I hope that you will help me to clarify the subject. BR P Petrov —Preceding unsigned comment added by 78.90.230.235 (talk) 09:22, 25 December 2008 (UTC)
- Petrov, I don't think anyone ever claimed that Nyquist either stated or proved the sampling theorem. Shannon did, as did some of the other guys mentioned, however. I'm most familiar with Shannon's proof, and with decades of successful engineering applications of the principle. Using the constructive reconstruction technique mentioned, amplitude errors are always zero when the conditions of the theorem are satisfied. If you can rephrase some of your questions in more normal terms, I might attempt answers. Dicklyon (talk) 03:12, 26 December 2008 (UTC)
- He should take it to comp.dsp. They'll set him straight. 71.254.7.35 (talk) 04:02, 26 December 2008 (UTC)
Rephrasing
Hello! Marry Christmas to all! If I understand clearly:
- Nyquist has never formulated or proved “sampling theorem” but there are “Nyqiust theorem/zone/frequency/criteria” etc? (PP: Usually the things are named after the author? Or this is a joke?)

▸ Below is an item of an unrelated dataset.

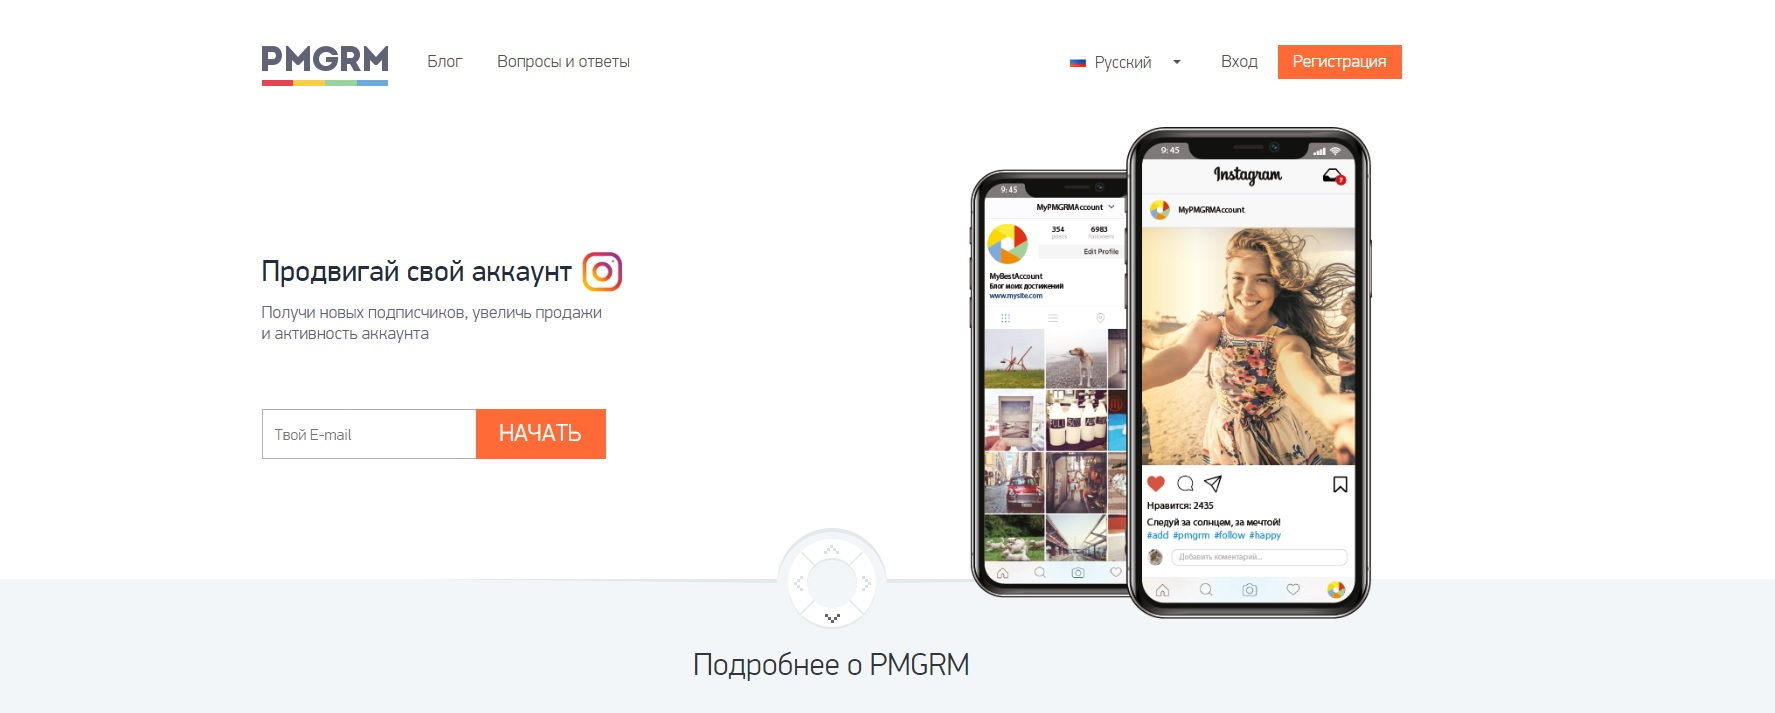 Раскрутка аккаунта в инстаграм через смартфон
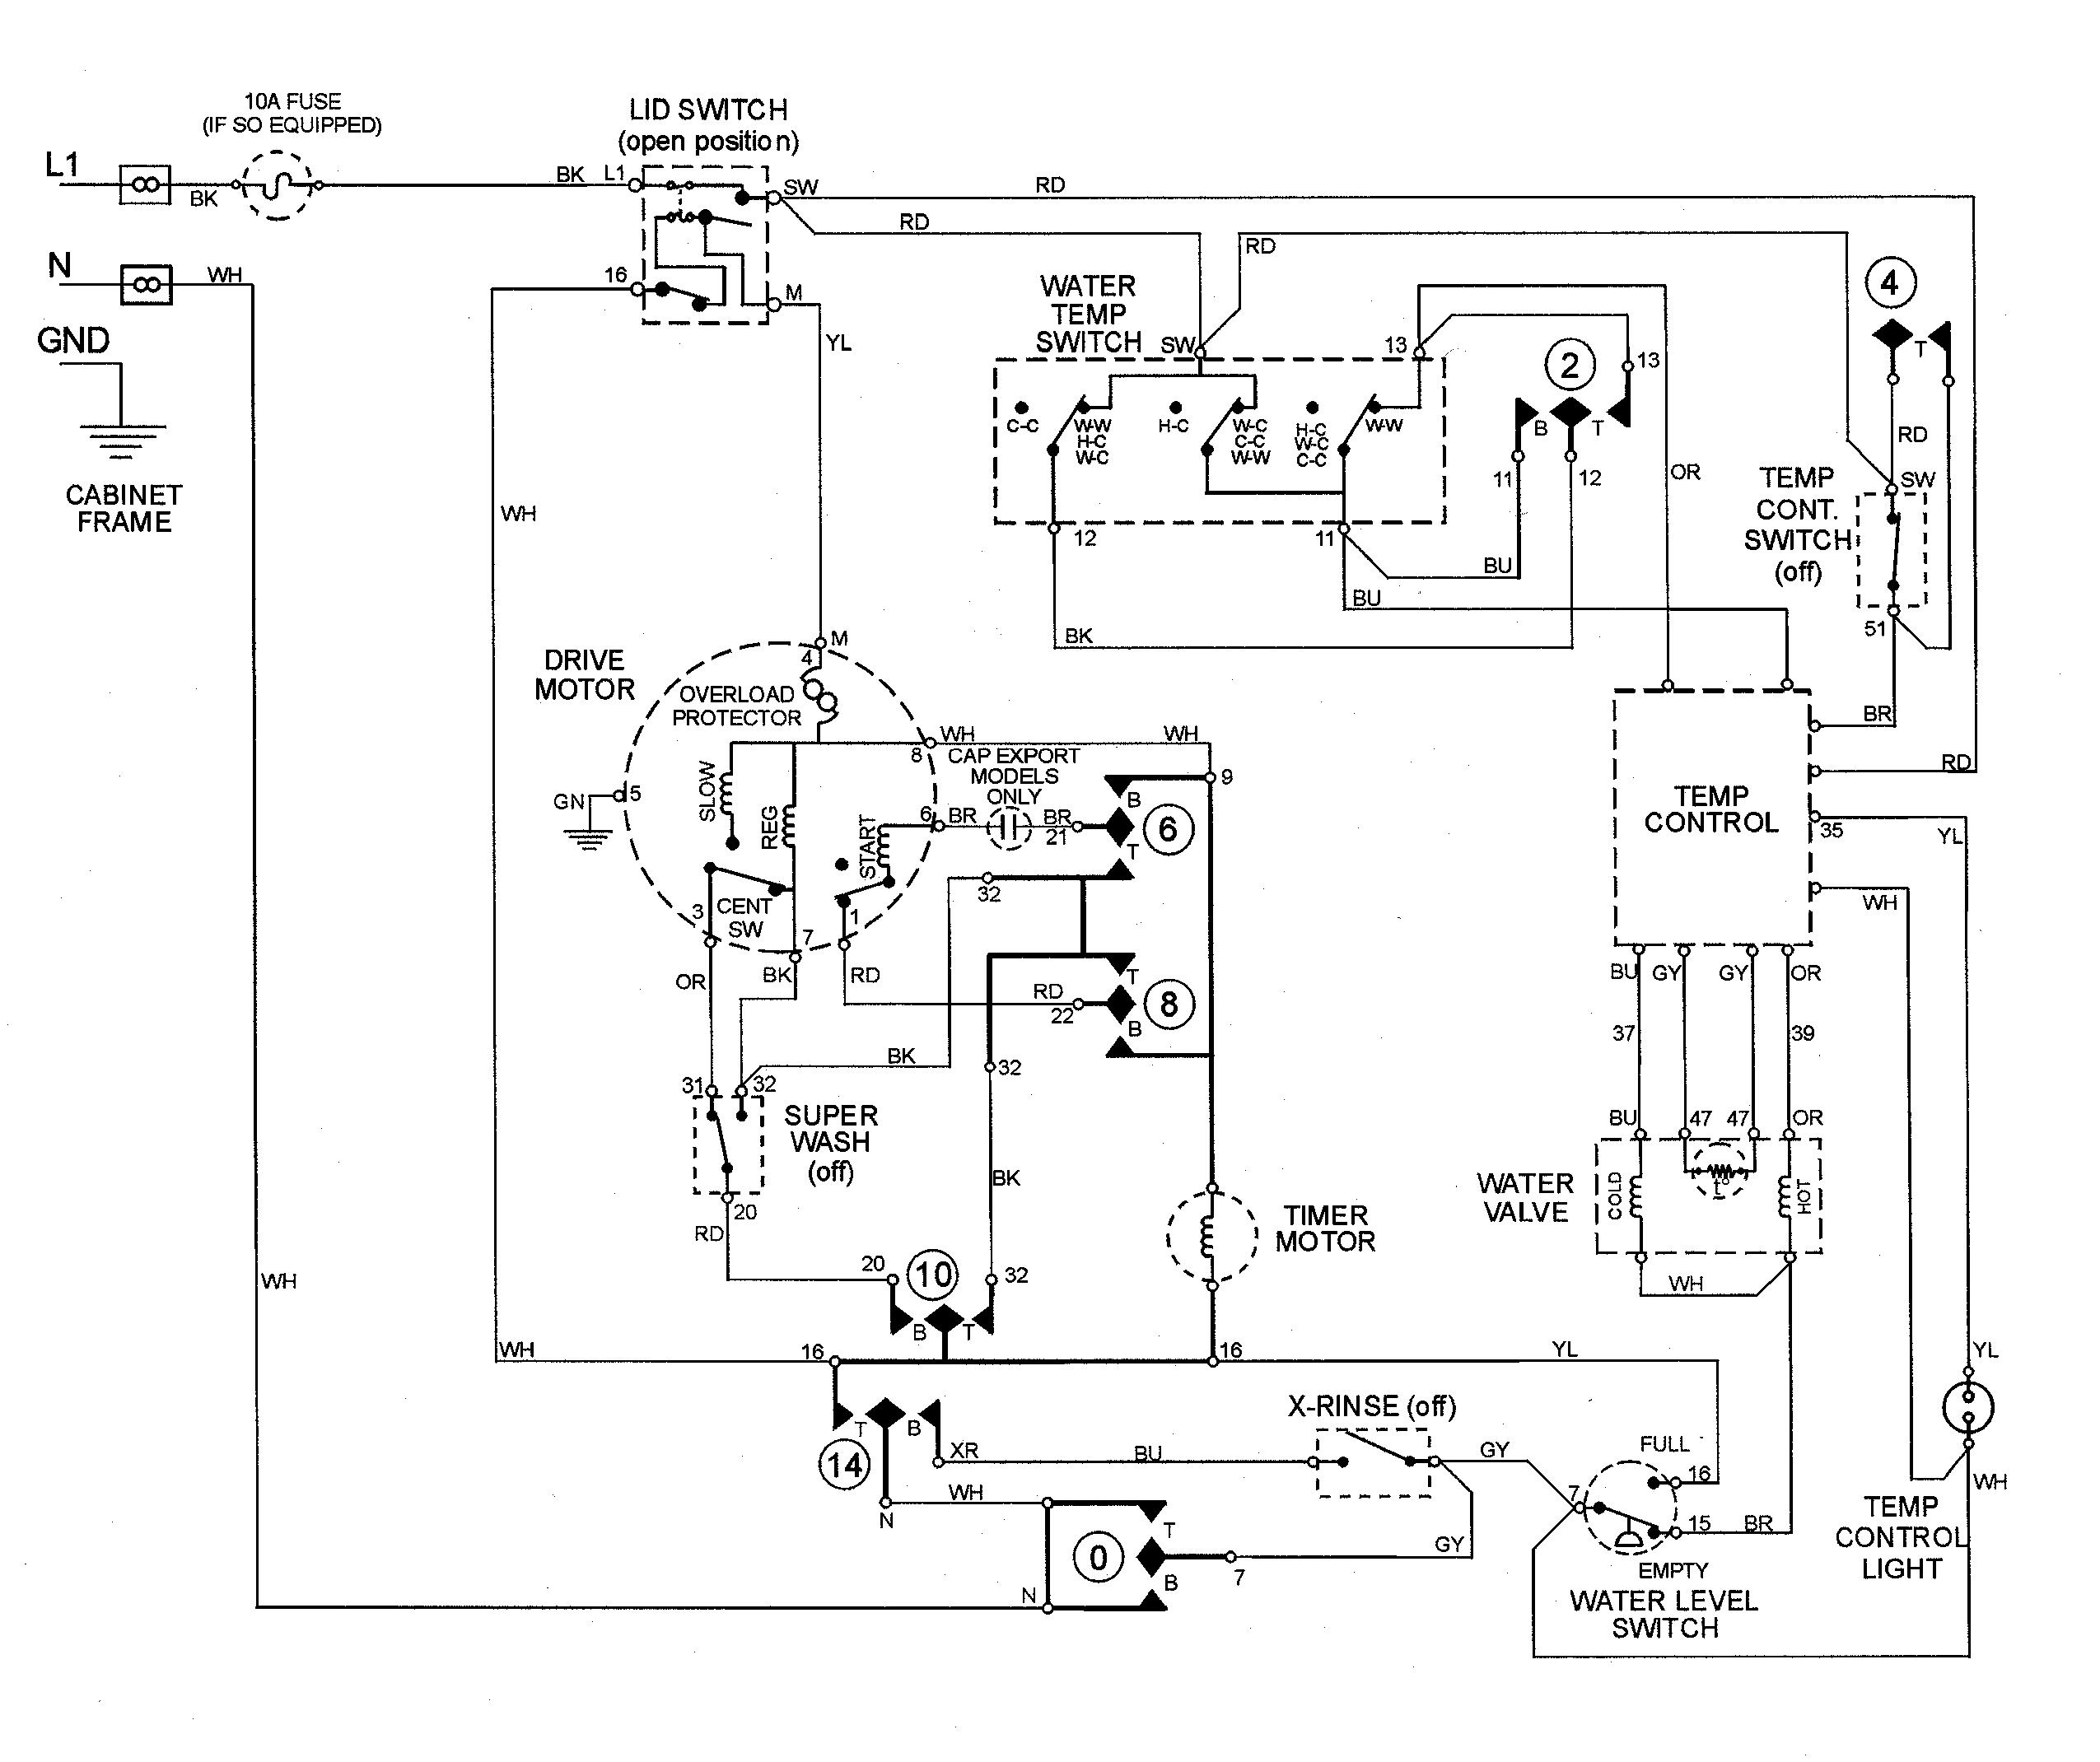 Wiring Diagram For Ge Refrigerator | Ge Profile Wiring Schematic |  | Wiring Diagram

- Shannon has proved “sampling theorem” applicable to real world signal conversion and reconstruction ? (PP: It is strange because I have read the papers of the “guys” (Kotelnikov included) and I have found nothing applicable to the real world! Just writings of theoreticians who do not understand the sampling and conversions processes?)
- Yes the engineering applications have done a lot to mask the failure of the theoreticians to explain and evaluate the signal conversion!
- The amplitude errors are zero?? (PP: This is false!. The errors are not zero and the signal cannot be reconstructed “exactly” or “completely! Try and you will see them!)
- Starting the rephrasing:
- N< 2 is “under sampling”.
- N=2 is “Shannon (?) sampling” or just “sampling”.
- N>2 is “over sampling”.
- SBLS is “the simplest band limited signal” or according to me “analog signal with only two lines into its spectrum which are a DC component and a sine or co-sine wave”.
- comp.dsp will set me straight? (PP: OK).
I hope the situation now is clearer. P.Petrov —Preceding unsigned comment added by 78.90.230.235 (talk) 06:40, 26 December 2008 (UTC)
- A proof of the sampling theorem is included in one of (I don't remember which) "A Mathematical Theory of Communication" or "Communication in the presence of noise", both by Shannon.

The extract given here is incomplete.